# [Data shown]
%%

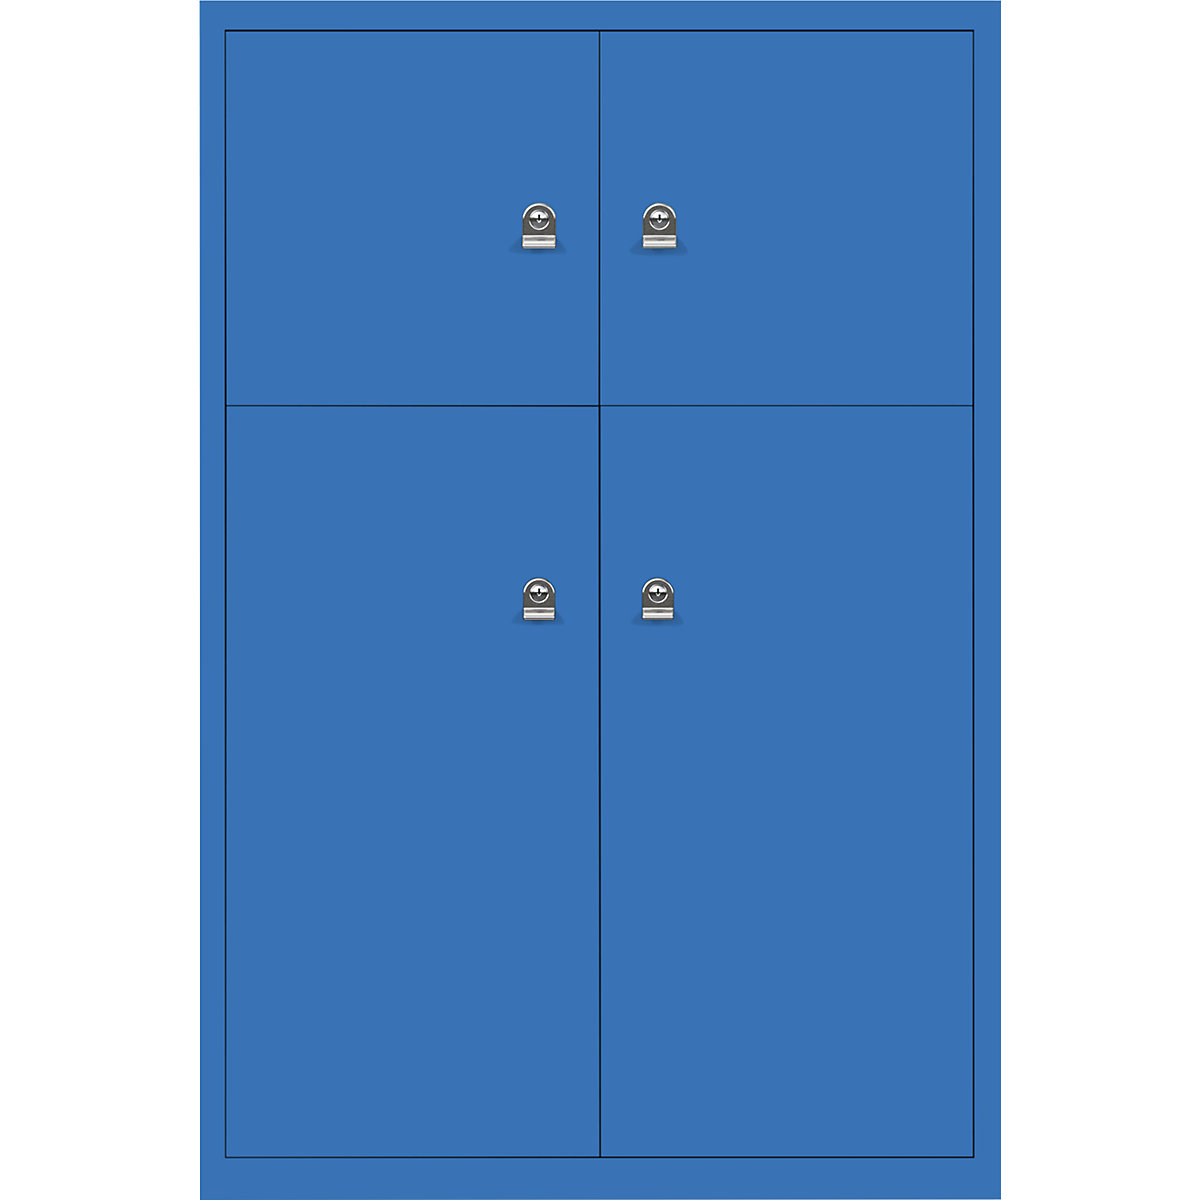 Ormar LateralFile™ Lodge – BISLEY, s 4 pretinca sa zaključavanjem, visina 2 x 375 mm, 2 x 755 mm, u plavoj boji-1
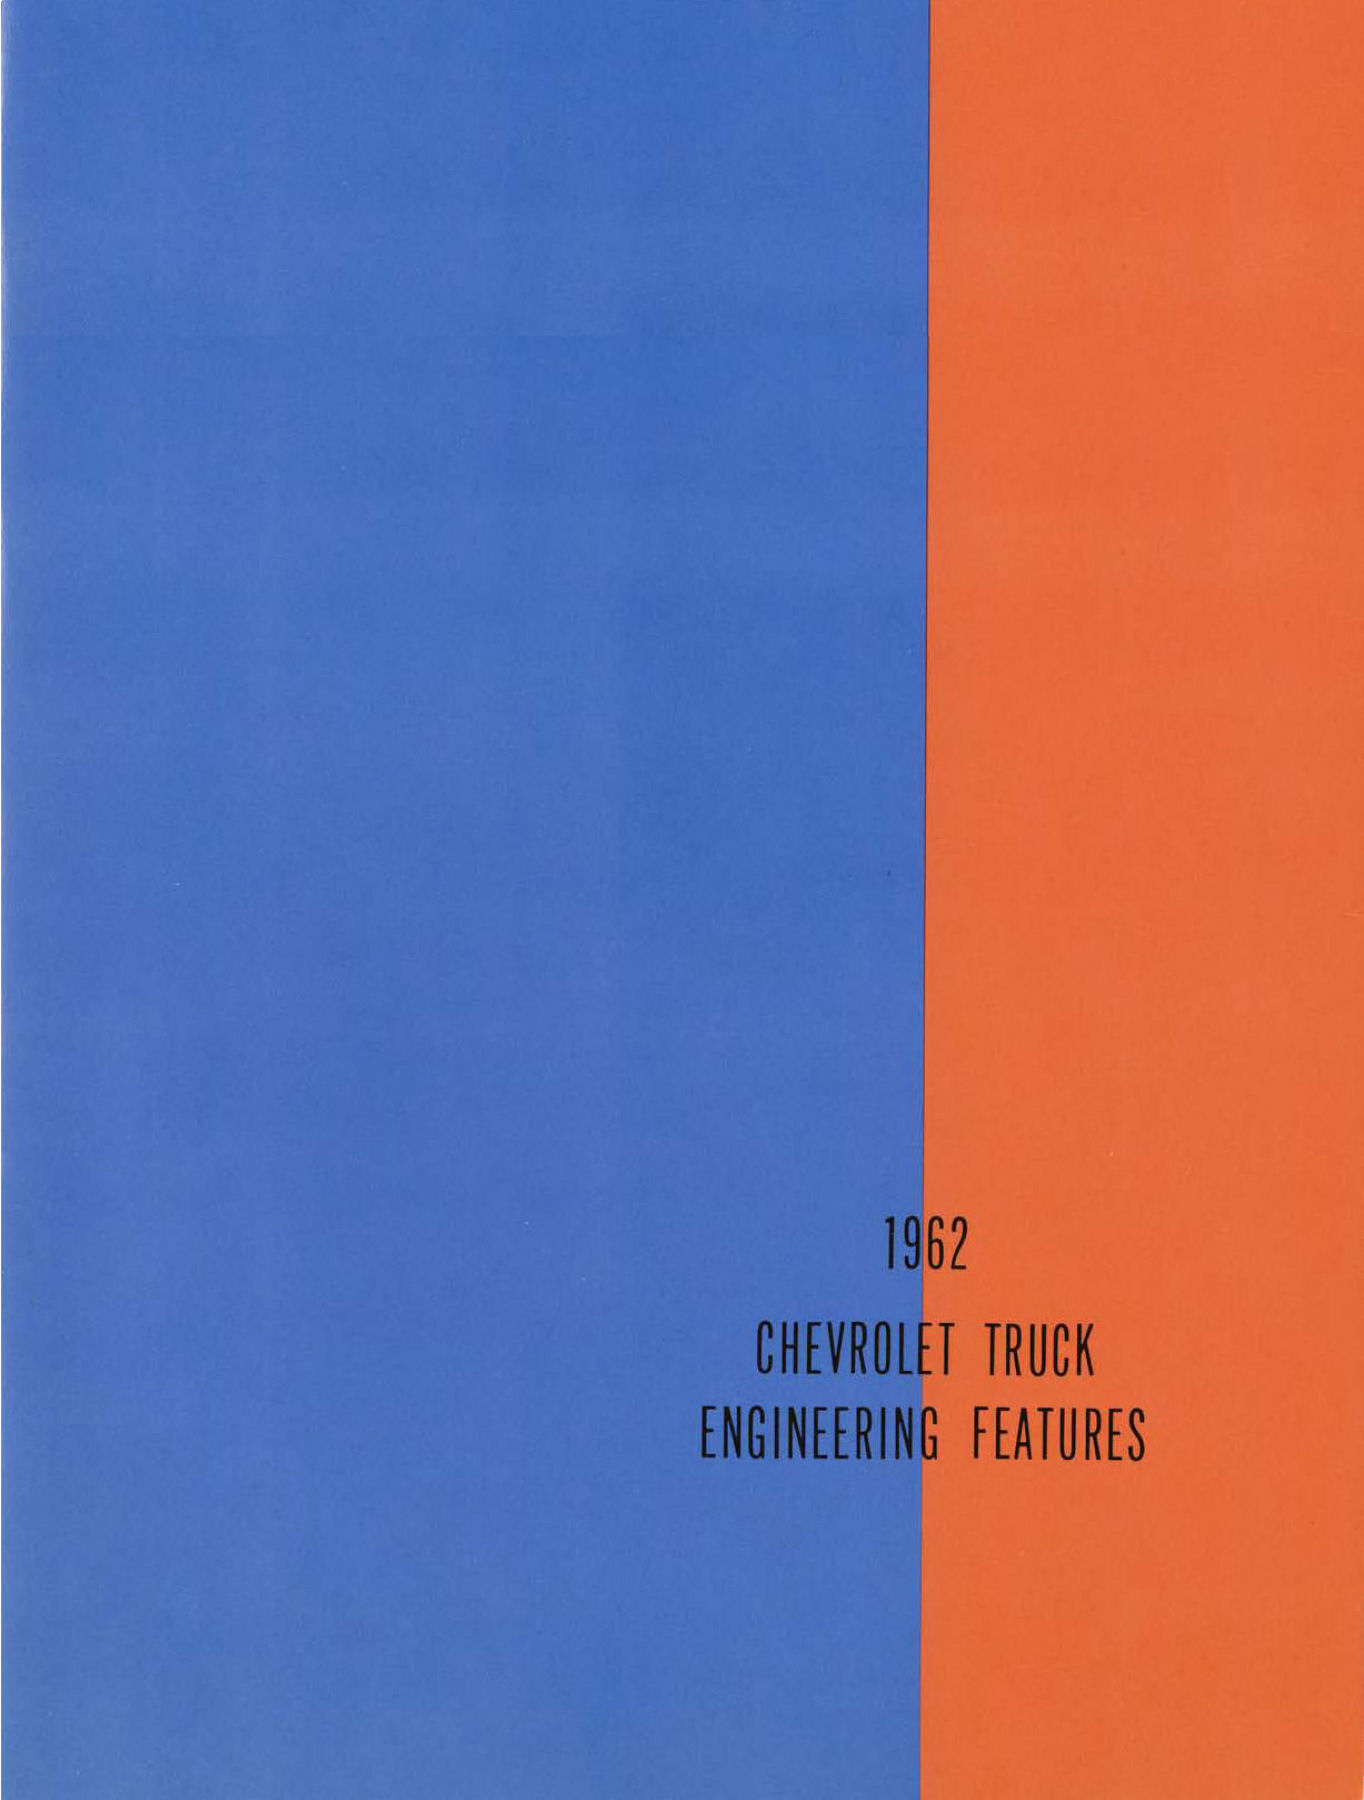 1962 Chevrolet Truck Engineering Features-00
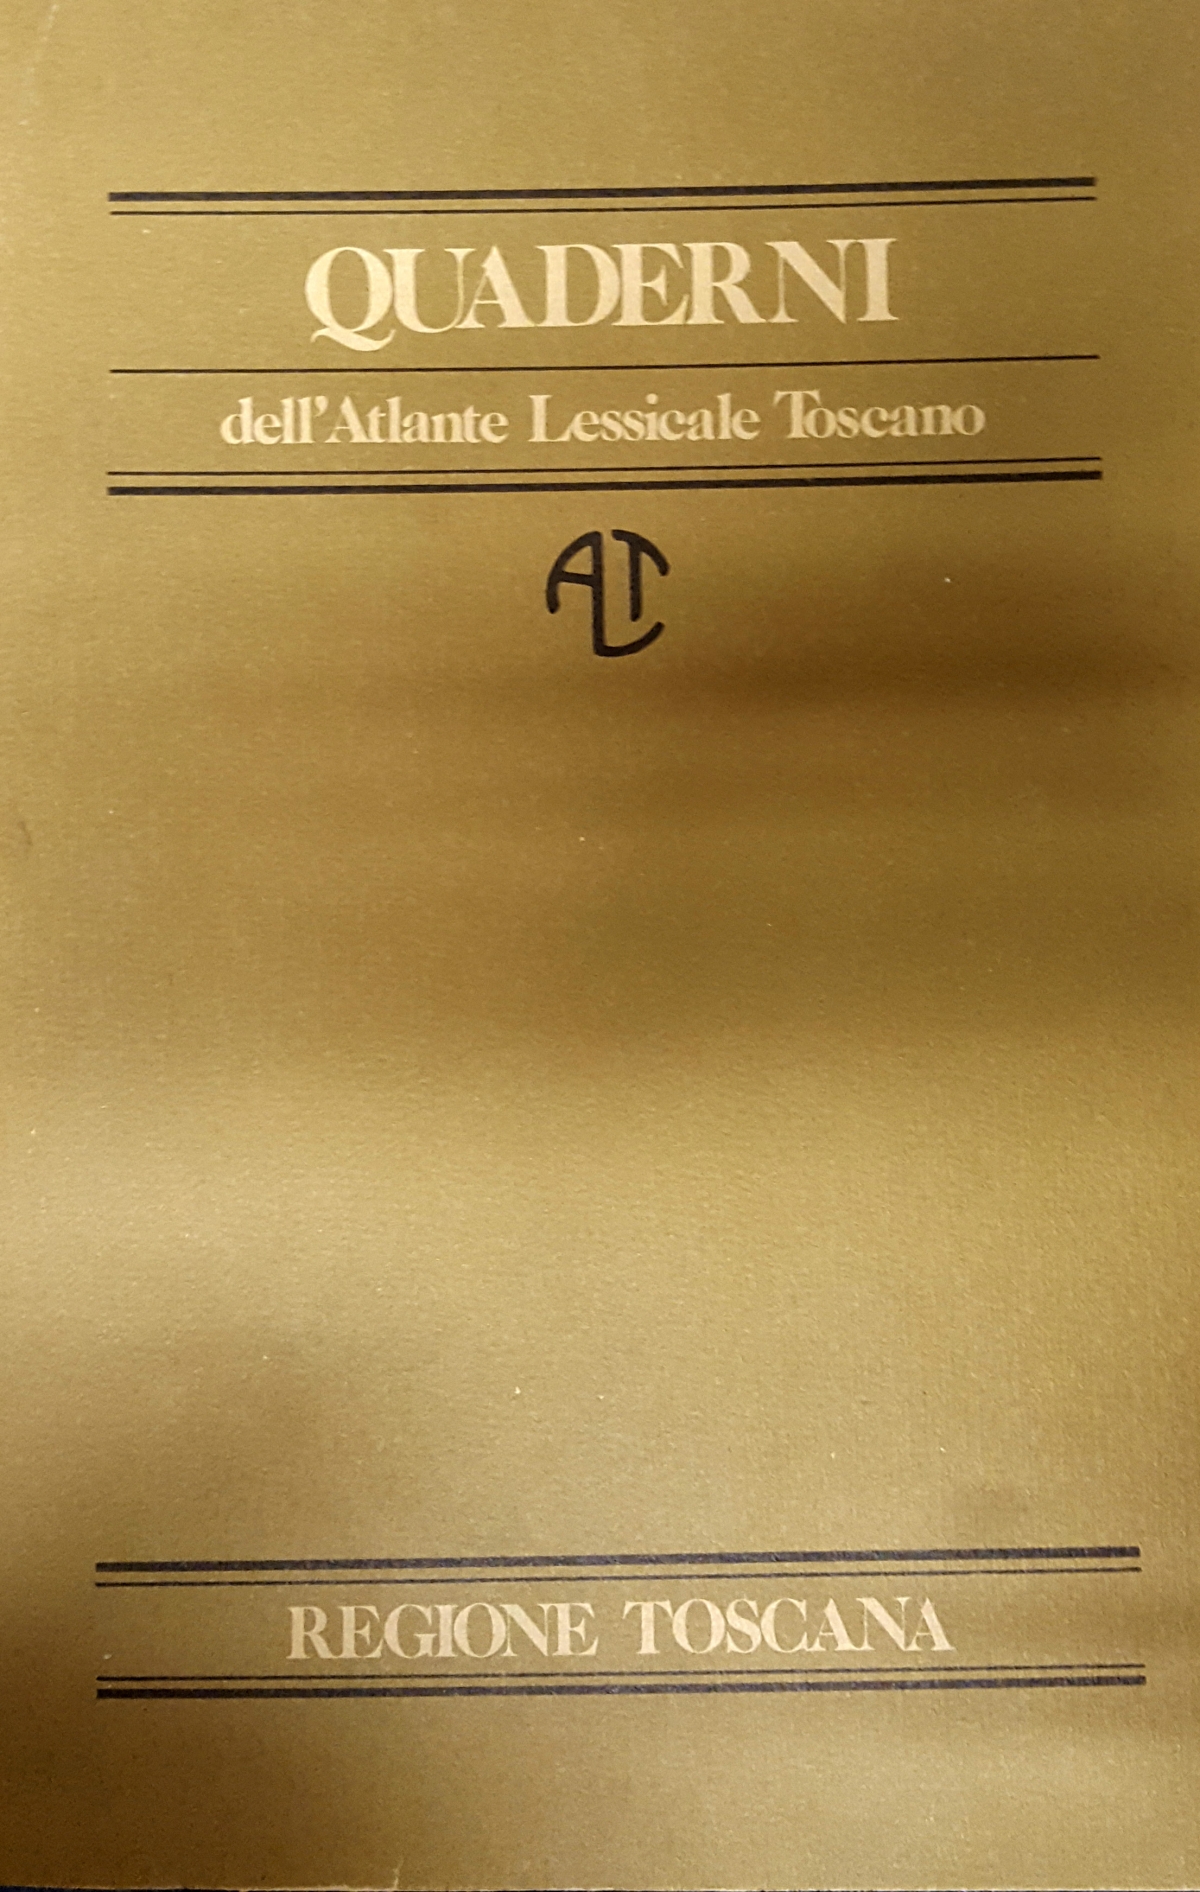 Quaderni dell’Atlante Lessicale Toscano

%%

# [Instructions to follow]
Starting with the line that contains "1962 Chevrolet Truck Engineering Features-00", copy every line word for word through the end of the listing above, but leave out the pictures.

# [Problem solution]
 1962 Chevrolet Truck Engineering Features-00
 Quaderni dell’Atlante Lessicale Toscano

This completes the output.